Europe would rather not employ the blunt instruments of trade sanctions, boycotts, legal proceedings and the like, particularly against a friend and democratic ally like Israel. In a more perfect world, the majority of Israelis would be cognizant of the suffering of the Palestinians and understand that continued occupation only worsens the outlook for their own nation. A minority does understand, and fight doggedly. But when a people have grown accustomed to the status quo, and are too self-absorbed in their own insecurity to feel for the plight of those they oppress, then sometimes the right thing to do for friends is to give “tough love.” The economic pain that would ensue from measures to disrupt or curtail trade with Europe would wake up the Israeli people to the cost of disregarding the European conscience.
At the same time Europe can admonish the Palestinians that if they want to attain a state they should avoid behavior antagonistic to Israel, such as the recent pronouncement about Arab rule over Jerusalem. Europe can require the Palestinians to be better negotiating partners, as a condition for their support.
Employing such sticks is not out of the question. The nations of the EU continue to deplore settlement expansion while turning a sensitive ear to Palestinian pleadings. Last week Haaretz columnist Carlo Strenger reported on a Berlin conference that questioned whether there is any longer a commonality of interest between Germany and Israel, or whether Israel is gradually turning into a liability. One year ago Netanyahu could boldly lecture President Barack Obama to the applause of a conservative Congress, but now he has to contemplate the possibility of an Obama victory in November. Today, public calls for boycotts are still the preserve of the far left. But events are moving rapidly, and Israel should be under no illusions.
When President Obama meets Prime Minister Netanyahu next week, ostensibly to talk about Iran, he should make it clear that the United States regards the solution of the Palestinian issue to be a high priority among America’s national interests. He should tell Netanyahu that he will not stand in the way of European punitive measures if Israel continues to drag its feet. On the other hand, Obama can promise economic assistance to help Israel with the expenses of settling an agreed border, including incentives for settlers to relocate and funds to provide them with new housing within Israel.
The clock is ticking towards April 3, the date when Israel has promised to make its presentation according to its interpretation of the Quartet’s agenda. Until then, the world community should be doing everything in its power to encourage Israel and the Palestinians to build a working relationship with each other in which to present their positions. Then it could offer international mediation in the spirit of further cooperation, friendship and assistance, building on the presentations of both parties.

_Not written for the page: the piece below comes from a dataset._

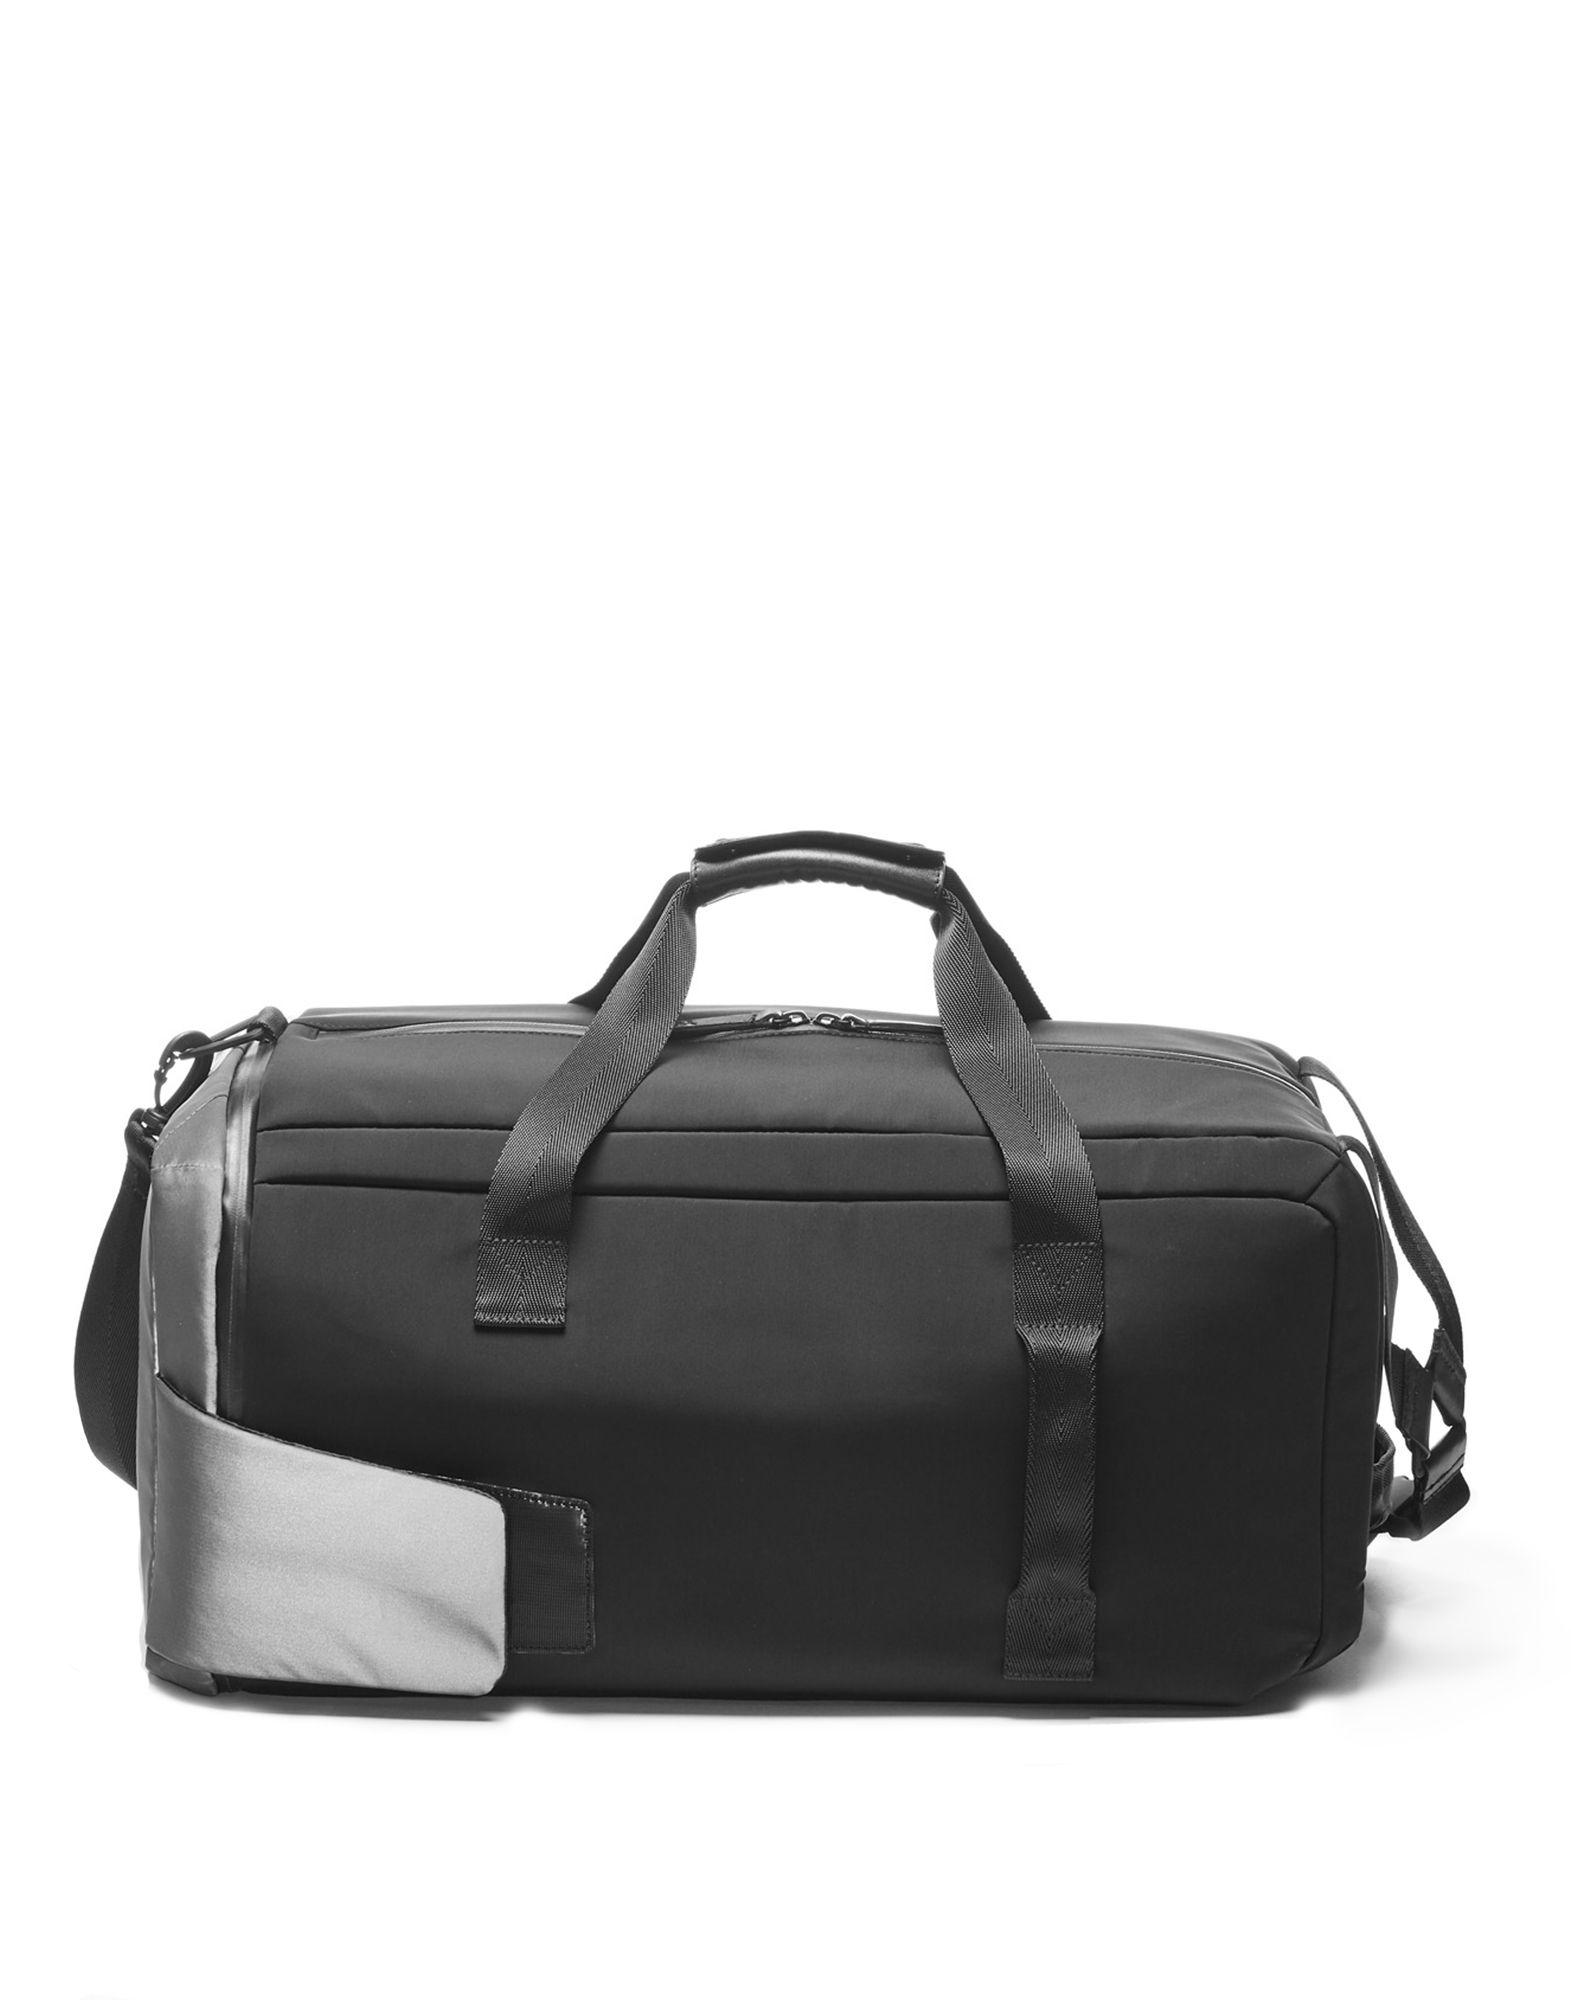 Y-3 SPORT GYMBAG BAGS unisex Y-3 adidas

The foot-dragging and stalling have gone on long enough. Whatever the situation of construction in the settlements, Israel must come clean with its own vision for a viable two-state reality, so that the world may assist it and its partner for peace. It must present an initial map. Peace will not be found in either silence or in a policy that never presents a border; such a policy would undoubtedly be refuted by the governments of the world.
In the absence of positive moves by both sides involved in this long-standing conflict, sooner or later pressure will be applied for compliance. To think otherwise is to ignore the current global environment.
Andrew Wilson is co-author of the Citizens Proposal for a Border between Israel and Palestine, an independent initiative to draw a map based on the principles of fairness, contiguity, access, minimizing dislocation of the population, and enhancing conditions for economic development.